B. L’asymétrie d’informationex post et l’aléa moral

Si les variations du taux d’intérêt ne peuvent permettre de réguler le marché du crédit, c’est également en raison de l’existence du risque d’aléa moral175. Alors que précédemment, le niveau du taux d’intérêt affectait le niveau de risque des projets présentés aux prêteurs, il influence ici le comportement de l’emprunteur une fois le prêt accordé (risque d’aléa moral). Plus le taux d’intérêt est élevé, plus l’emprunteur (qui cherche à maximiser la rentabilité de son investissement), sera tenté d’adopter un comportement risqué augmentant du même coup son risque de faillite. Cet accroissement du risque affecte négativement le rendement espéré du prêt par la banque.

L’adoption d’un tel comportement est permise par l’existence d’une asymétrie d’informationex post. En effet, sachant que le prêteur ne s’intéresse au comportement de l’emprunteur que dans les cas où celui-ci affecte sa probabilité de faire faillite, et qu’il ne peut le surveiller parfaitement et sans coût, il n’est pas envisageable de mettre en œuvre une telle surveillance de manière systématique. Le prêteur doit donc être attentif aux effets du taux d’intérêt sur le comportement de l’emprunteur. En raison du risque d’aléa moral, face à un accroissement de la demande de crédit, les prêteurs auront alors intérêt à rationner la demande supplémentaire plutôt que d’augmenter le taux d’intérêt.

Parallèlement à cela, Stiglitz et Weiss montrent également que le recours aux collatéraux (les cautions, investissements personnels, etc.) ne permet pas non plus de résoudre les problèmes posés par les asymétries d’informationex ante et ex post. En effet, ceux disposant de plus de collatéraux sont les emprunteurs les plus riches supposés les moins averses au risque. Augmenter les collatéraux aura donc pour effet d’attirer les emprunteurs les plus risqués. Les prêteurs n’ont donc d’autre choix que de déterminer un niveau de collatéral d’équilibre et de rationner la demande supplémentaire.

Par leur modèle, Stiglitz et Weiss montrent comment l’introduction de l’asymétrie d’information met en échec l’ajustement du marché par le prix. D’une part, le prix (ici le taux d’intérêt) n’est plus une information suffisante sur la qualité du produit échangé (des crédits de qualité différente peuvent avoir le même prix) et d’autre part, il influe sur la qualité du produit (la variation du taux modifie le comportement des emprunteurs et donc la qualité du crédit). Ils expliquent ainsi la possibilité de marchés en situation d’équilibre coexistant avec un rationnement de l’offre ou de la demande.
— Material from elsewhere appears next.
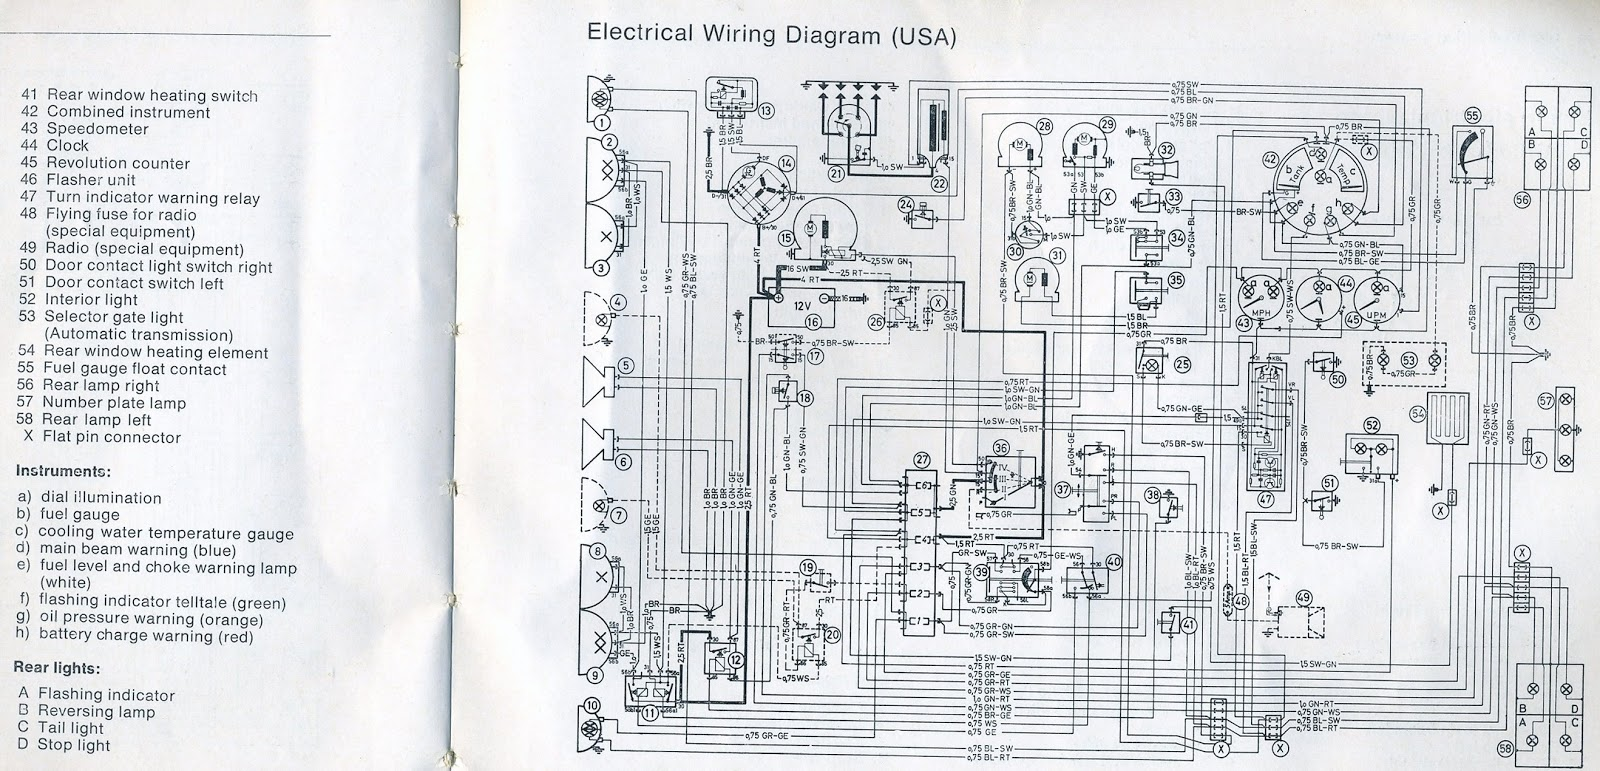 2002 bmw wiring diagrams simple wiring diagram schemabmw 2002 wiring diagram wiring diagram third level daihatsu [ 1600 x 771 Pixel ]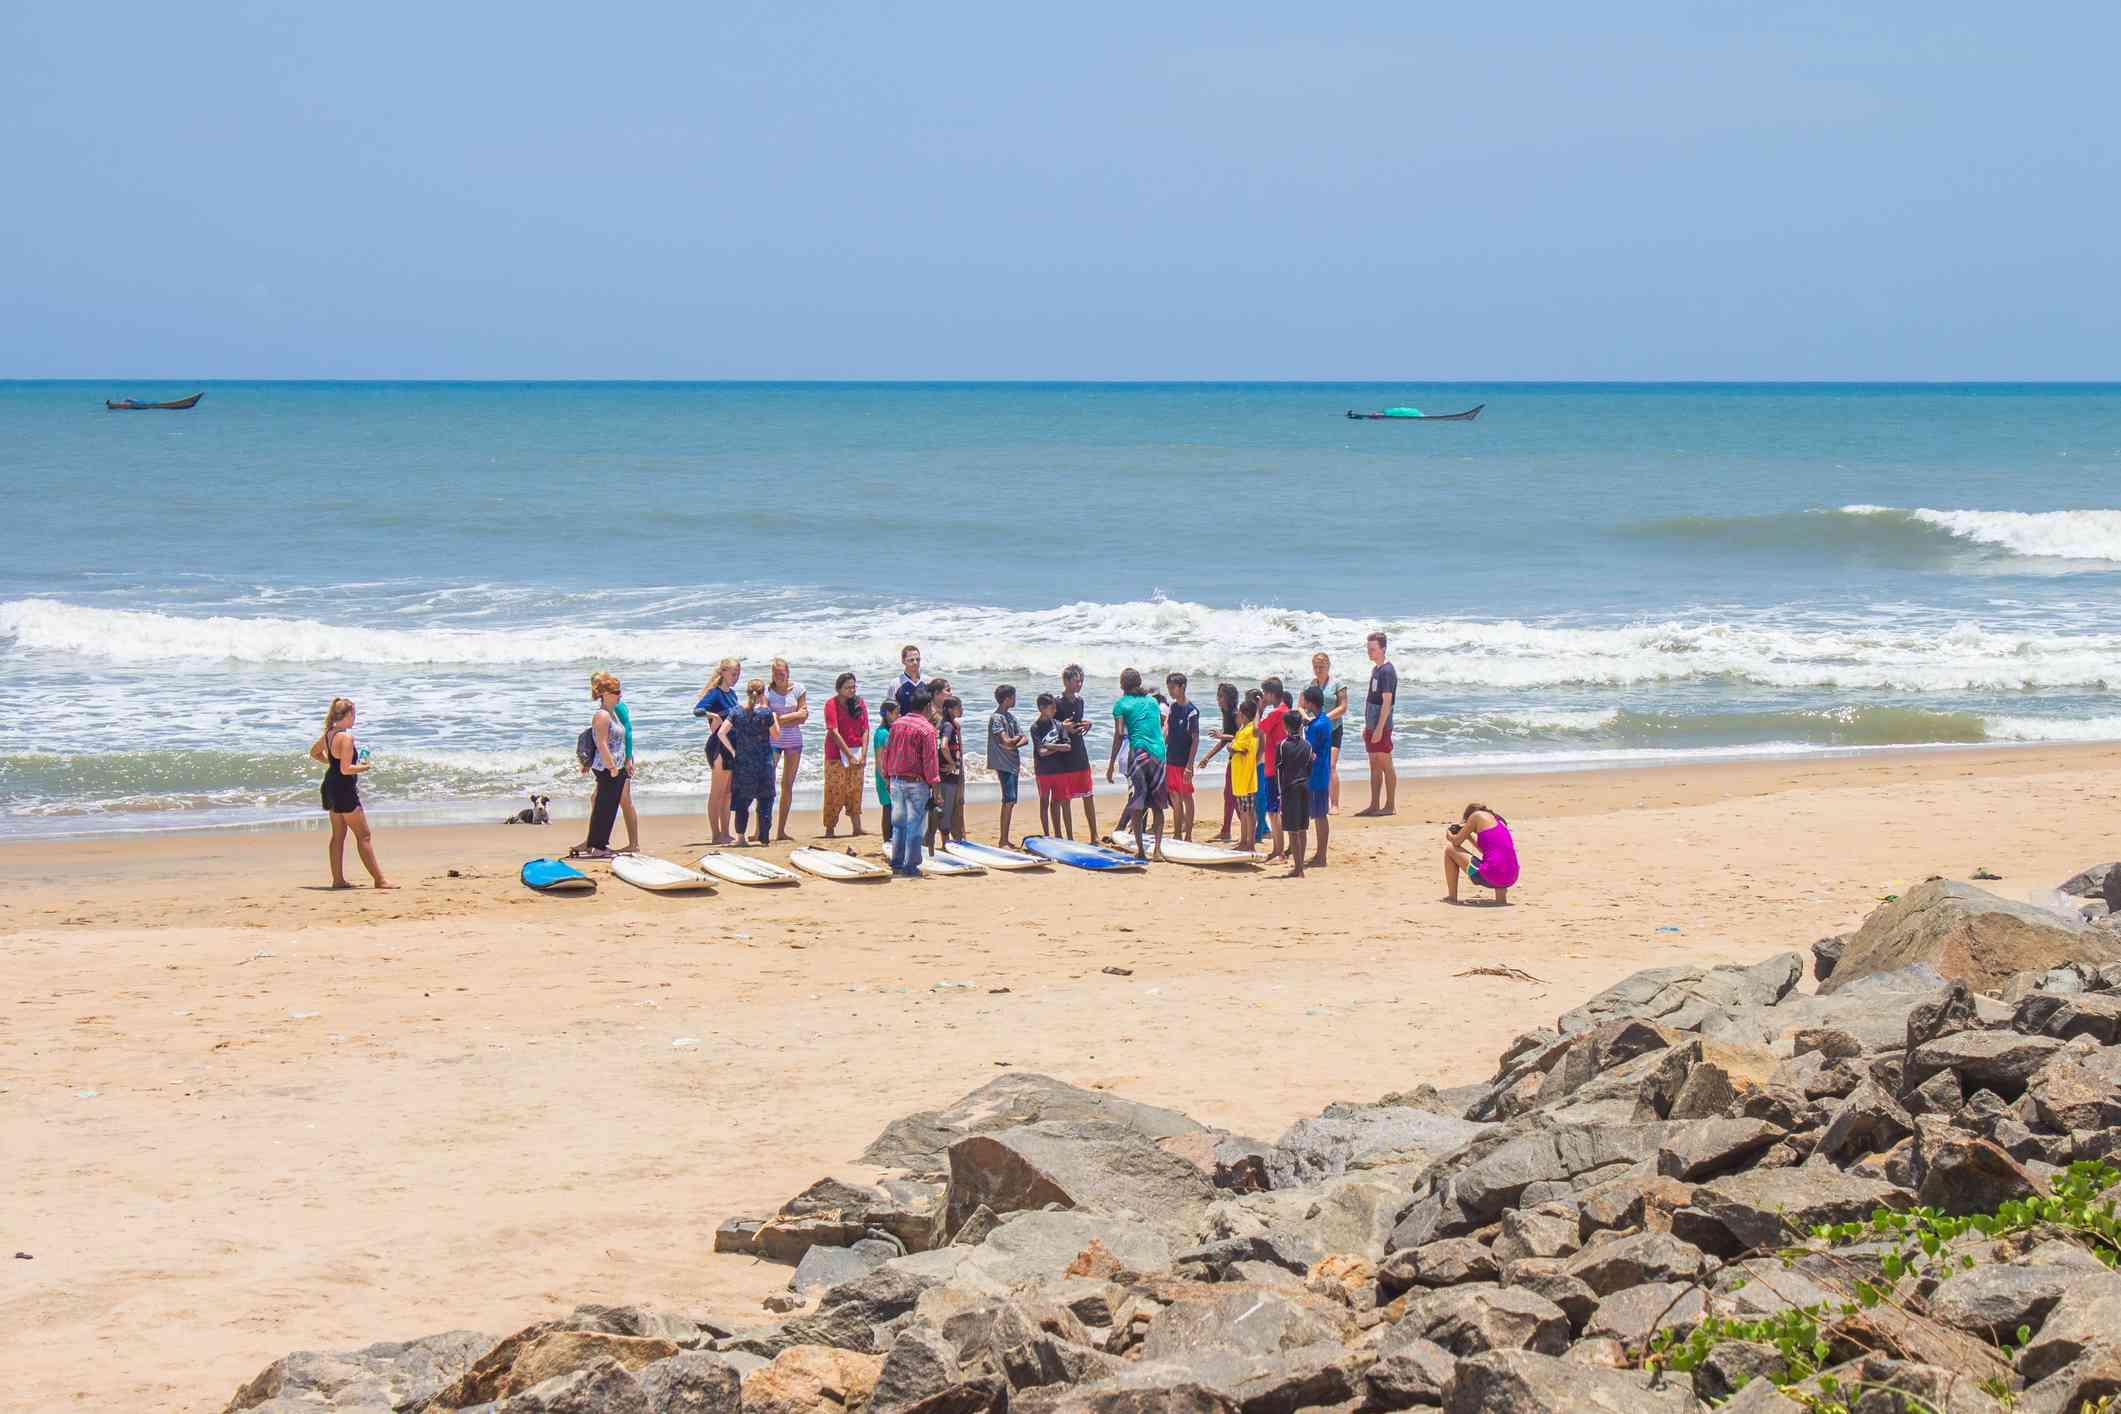 Tourists learn to surf on a beach at Mahabalipuram, Tamil Nadu

Ce résultat essentiel pour la théorie économique cohabite cependant au sein de leur article avec la mise au jour de mécanismes déterminants pour la compréhension des enjeux du marché du crédit inégalement soulignés.

Notes
175.

C’est Arrow (1963) qui a le premier considéré le problème de l’aléa moral en économie. S’interrogeant sur la possibilité de concevoir un système d’assurance efficace, il propose la mise en place de contrats d’assurance qui prémunissent les assurés contre l’ensemble des aléas auxquels ils pourraient être confrontés. Ces contrats complets ou contingents dans le sens où ils sont contingents aux différents états du monde possibles, intègrent également le comportement de l’autre dans la mesure où celui-ci a une influence sur la réalisation des différents états du monde possibles. Ils permettent ainsi d’évacuer l’incertitude et d’étendre le modèle d’équilibre général mais suppose l’introduction de la justice, qui doit pouvoir vérifier les termes du contrat, et les faire appliquer (Rivaud-Danset, 1996 ; Moureau & Rivaud-Danset, 2004). L’irréalisme de la théorie des contrats contingents (en raison de leur coût) a été vivement critiqué notamment par Williamson (1983) et Hart et Homström (1987).